May 03, 2011 at 03:47 PM
written by Michael Munson

The Long Tail of Sponsorship is Coming

If I demanded the Earth was round today, you would say “duh!” There was a time however, that this notion would have made people question my intelligence. It was also once accepted to think sneezing was the act of ridding your body of an evil spirit. The fact we will still today say, “bless you” after one sneezes is just a vestige of a long since unproven myth. It is now pretty widely accepted that sneezing is caused from an irritation of our nasal hairs, not us trying to rid our bodies of unwanted evil, unless of course you consider a dust particle evil.


The point is paradigms change as our knowledge evolves. Just as at one time it was acceptable to believe Earth was flat, so to do I believe a time will arrive that it used to be the accepted truth that properties with great media reach offer more value than sponsorship properties without significant media reach. To me in fact, that time has already arrived. An evolution is underway that is going to change the way the sponsorship marketplace functions. As with any other burgeoning trend, those that are ready for this change to occur first will capitalize on it the most.

This week’s Ahead of the Curve interview with Marty Teller of the Trenton Thunder is a great example of someone ready for this change and why it is only a matter of time before a giant sea change in the way sponsorship dollars are spent, and for that matter, how sponsorship programming is executed, is upon us. The notion that the best way to execute sponsorship was to by the NFL shield or the Olympic rings, a bunch of ad media, run a contest, and fork over tens of millions of dollars for the privilege, is going to be laughed at by future generations of marketers in much the same way we now scoff at those that questioned Magellan, Aristotle, Pythagoras, etc. for believing the Earth was round.

I’ll say it now, those NFL and NBA players and their team owners had better get used to doing more with less, because as I mentioned in my post last week, the real value is the consumer, not the players and the teams. Guys like Marty Teller understand this.
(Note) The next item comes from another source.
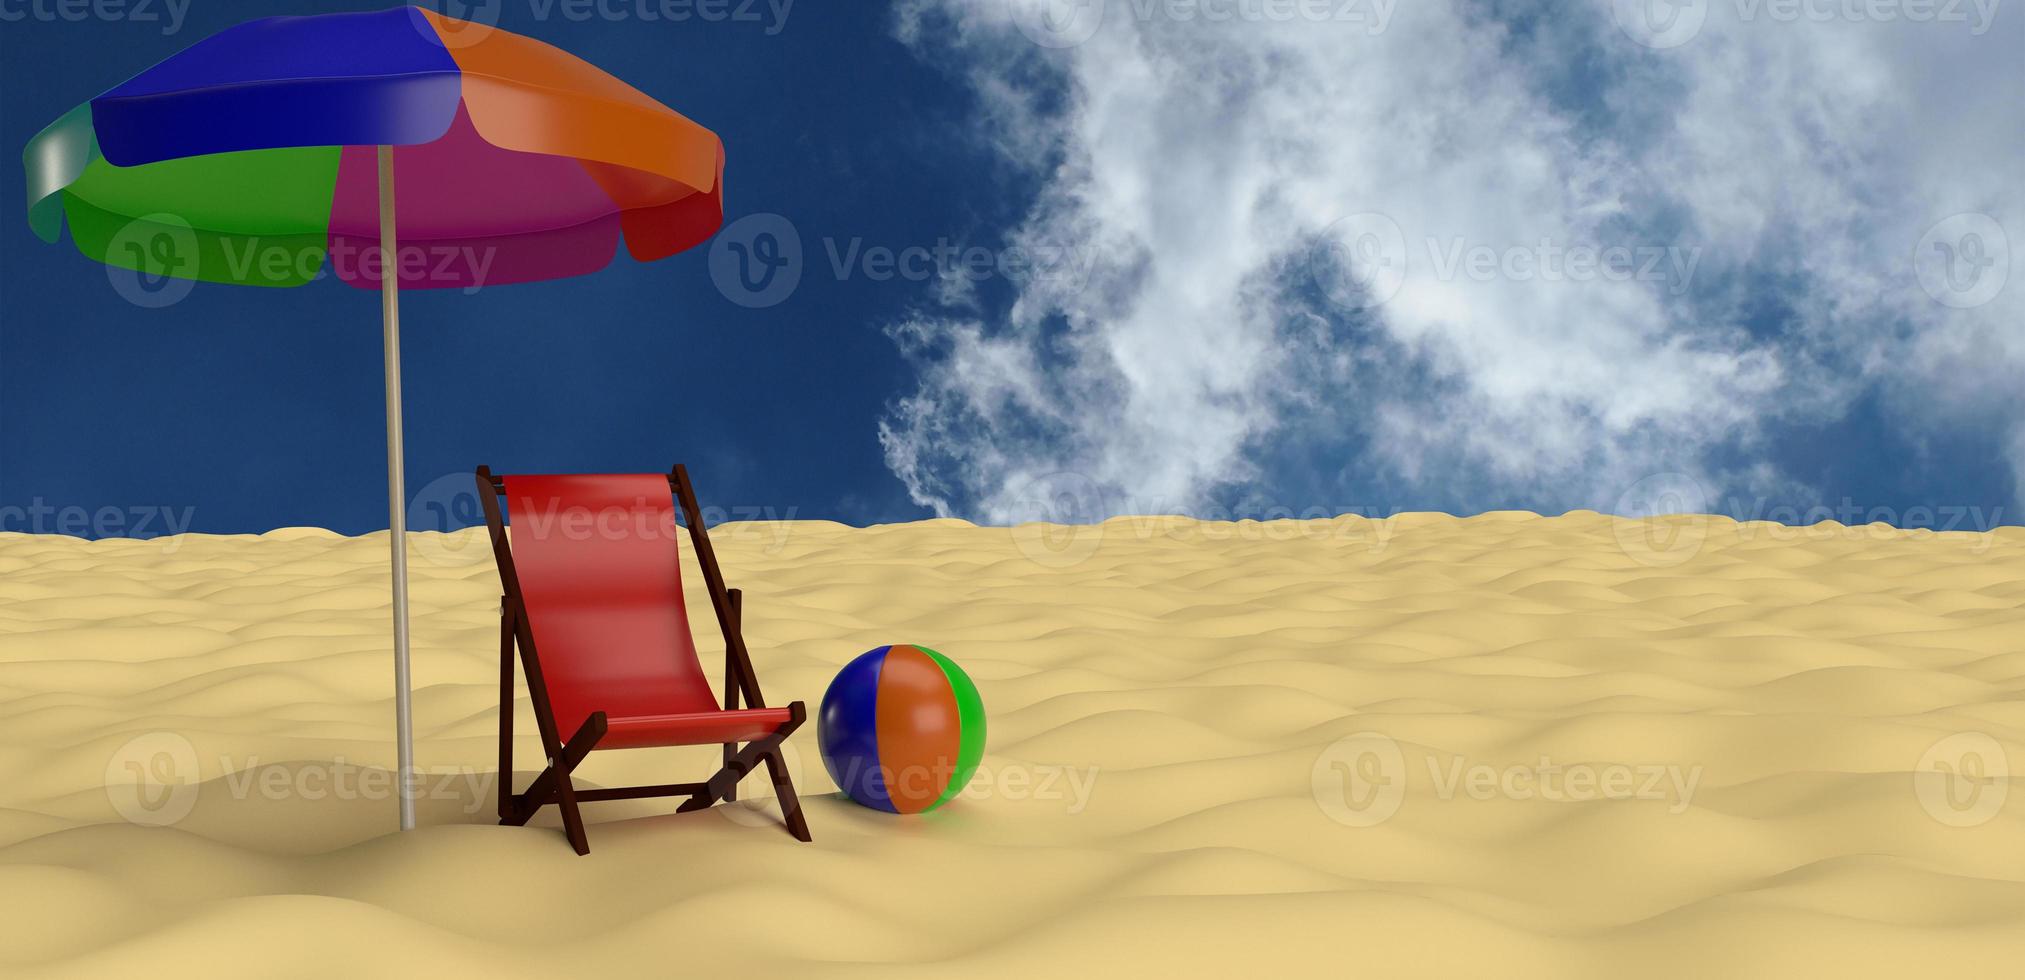 sedia a sdraio ombrellone palla colorato arcobaleno sulla spiaggia isola sabbia cielo blu nuvoloso viaggio viaggio turismo vista mare paradiso luce del sole felice vacanza relax vacanza romantico beautiful.3d rendering foto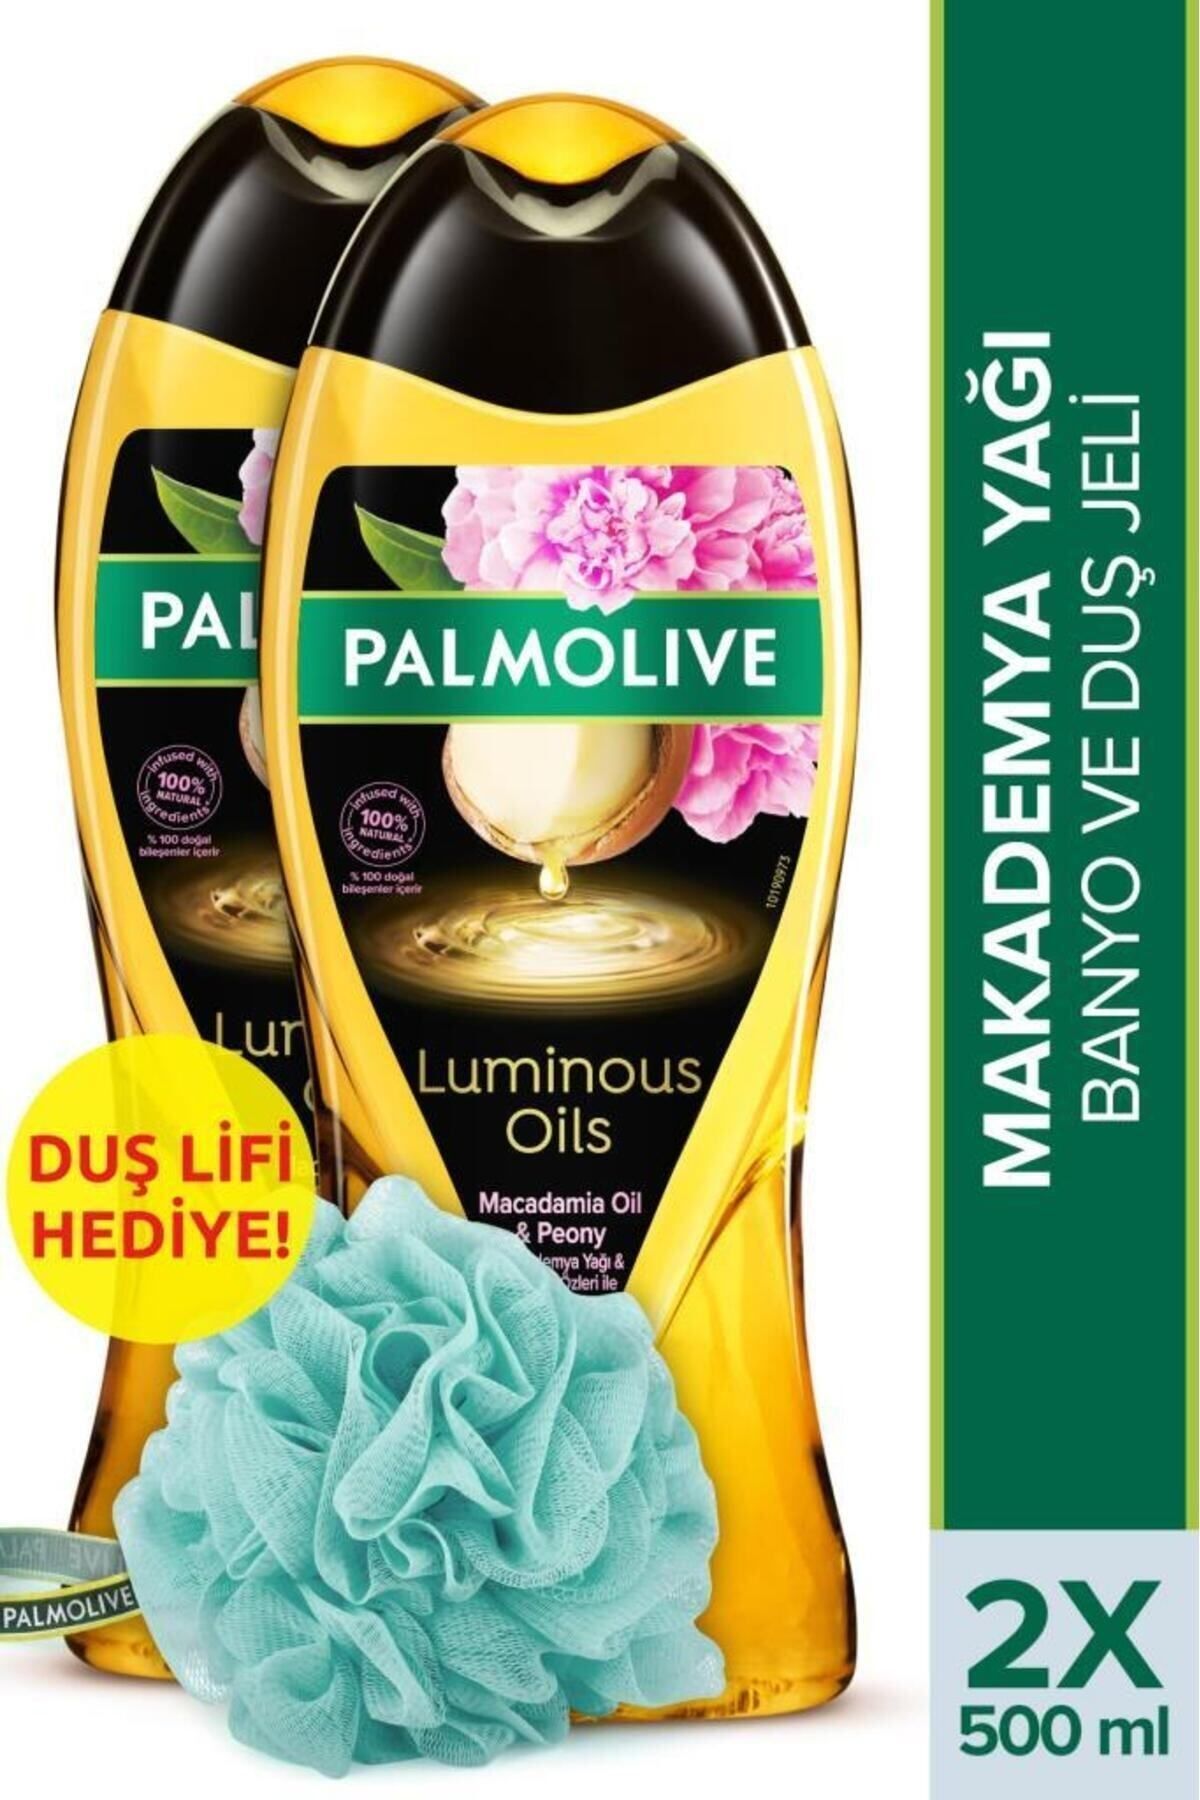 Palmolive Luminous Oils Makademya Yağı Banyo ve Duş Jeli 500 ml x 2 Adet + Duş Lifi Hediyeli

If properties like his (there are thousands) can deliver better results on a dollar per dollar basis than his media heavy brethren (because they can make greater impacts in local communities), it is simply a matter of time before the mentality switches in corporate marketing operations from “bigger is better” to “better is better.” I mean if you can increase your margins by 10% with more, locally based and activated sponsorships over what you can with national based and locally activated sponsorships… do I even need to finish the thought?

No, activating more deals isn’t going to be easy, but it is going to produce results. I know large numbers of people don’t like to work hard or do difficult things, but when the CFO knows you can take $10 million of the $20 million you are dumping into one NASCAR deal, and increase sales by 10% if you put it into 100 small deals instead…well, you can figure it out how things are going to change.

What we are going to see is the market moving to equilibrium between the large, media rich properties and the smaller, more personally and contextually relevant ones to people, especially where they live. The NFL isn’t going away, not by a long shot. As the market is educated and technology facilitates more market efficiency though, it and other “Tier One” properties will be reduced as more local and frankly, more affordable properties like the Trenton Thunder make their cases for their value. I just ran this by a veteran major league team executive, and he agreed. It just makes too much sense not to happen.

In the end, sponsors will switch the course they have been on for a decade and create larger sponsorship property portfolios. They will engage in more, smaller deals as a long tail dynamic is created in the sponsorship market; more revenue will be generated from more, smaller deals than fewer large ones.

In order for this to become a reality, more sponsorship-educated brand marketers will be needed. My guess would be many of these brand marketing sponsorship jobs will be filled by people who are now on the sales side, because there simply aren’t that many people in business schools or that are in corporate marketing jobs that really understand how sponsorship works and how to maximize the value it can create. The people selling it for their livelihoods are developing skills and knowledge that are making them quite valuable to the evolving marketplace.

The paradigm may not completely flip from sponsorship being sell-driven to buy-driven and there may not ultimately be more brand marketers soliciting sponsorship properties than sales people soliciting brand marketers. But it will definitely even out as more brands realize they need to do more locally relevant deals. Will we one day scoff at the notion brand marketers once hid from sponsorship sales people? Only time will tell.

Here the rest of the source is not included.